Without the array connected, I can get 900-1200 MB/s off the boot SSD. (not bad for a 10-year old system...), though finder hangs while trying to enumerate the available volumes (figuring problems reading the array).

Promise Utility works, slowly... and I mean much more slowly than the usual "slow"... The dashboard is all-green, no errors in any of the event info or disk info. The system Service Report generates properly, and no errors are evident. The 8x 8TB drives show between 23000-36000 power-on hours and all the SMART metrics are either of type old_age or pre_fail. None indicate faults of any sort.
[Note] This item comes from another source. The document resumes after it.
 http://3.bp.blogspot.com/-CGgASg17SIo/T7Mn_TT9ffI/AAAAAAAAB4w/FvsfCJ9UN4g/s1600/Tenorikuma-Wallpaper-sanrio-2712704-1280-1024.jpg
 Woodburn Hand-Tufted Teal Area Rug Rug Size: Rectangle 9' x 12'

Unfortunately, iotop won't work with SIP enabled, and disabling, then reenabling while excluding dtrace isn't enough for iotop to work properly either... so stuck with just the log of fs_usage output.
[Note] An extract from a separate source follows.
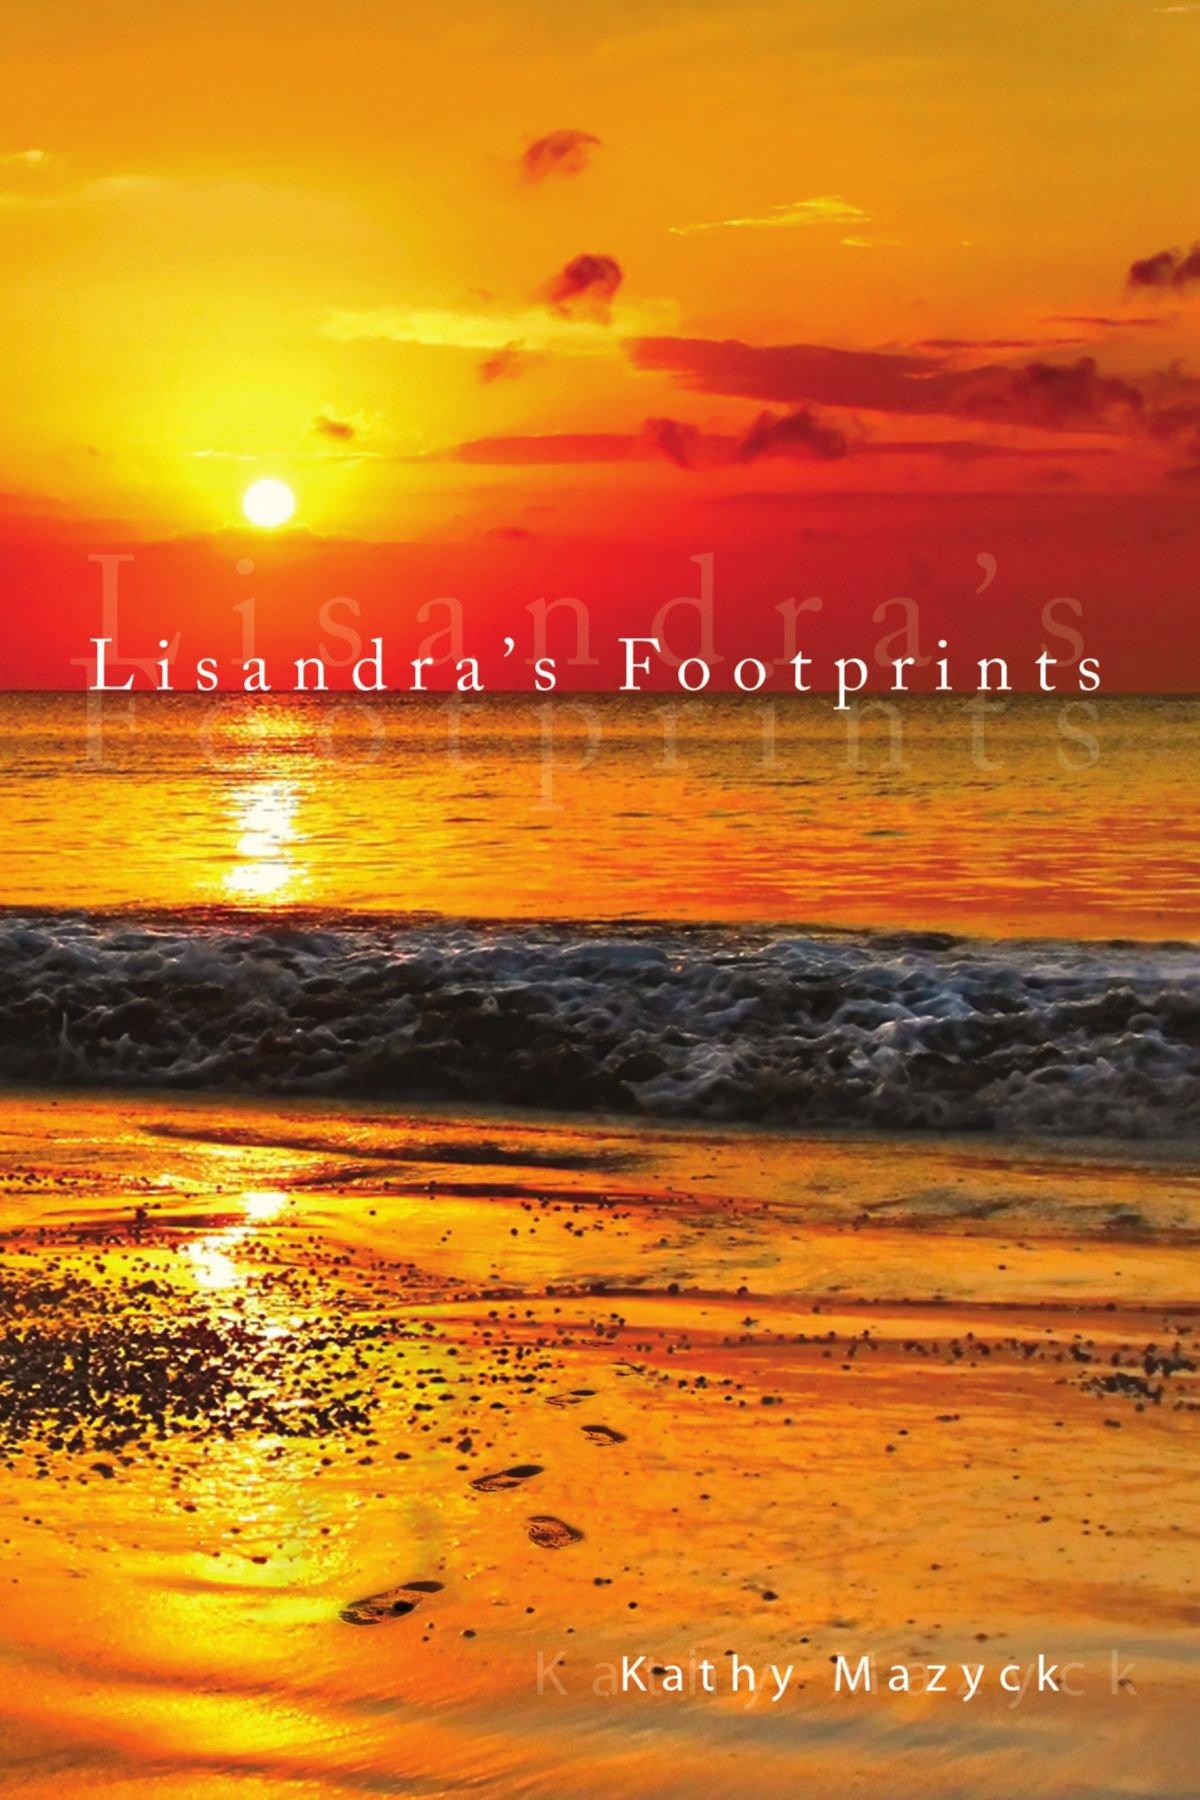 Lisandra's Footprints

How to trace if the issue is the kernel extension? I'm tempted to try a new TB2 cable and a different TB controller/port.

lgarron commented 1 month ago

Still happening. The entire system comes to a crawl. Some UI still works, but many apps are frozen and near-frozen due to disk access.  → "Restart" and sudo reboot now almost work, but they take minutes and minutes to offer to force quit apps due to being frozen. After long enough of this nonsense, unplugging the Pegasus32 Thunderbolt cable immediately causes macOS to resume normal function.

I blame PROMISE's dext, but who knows.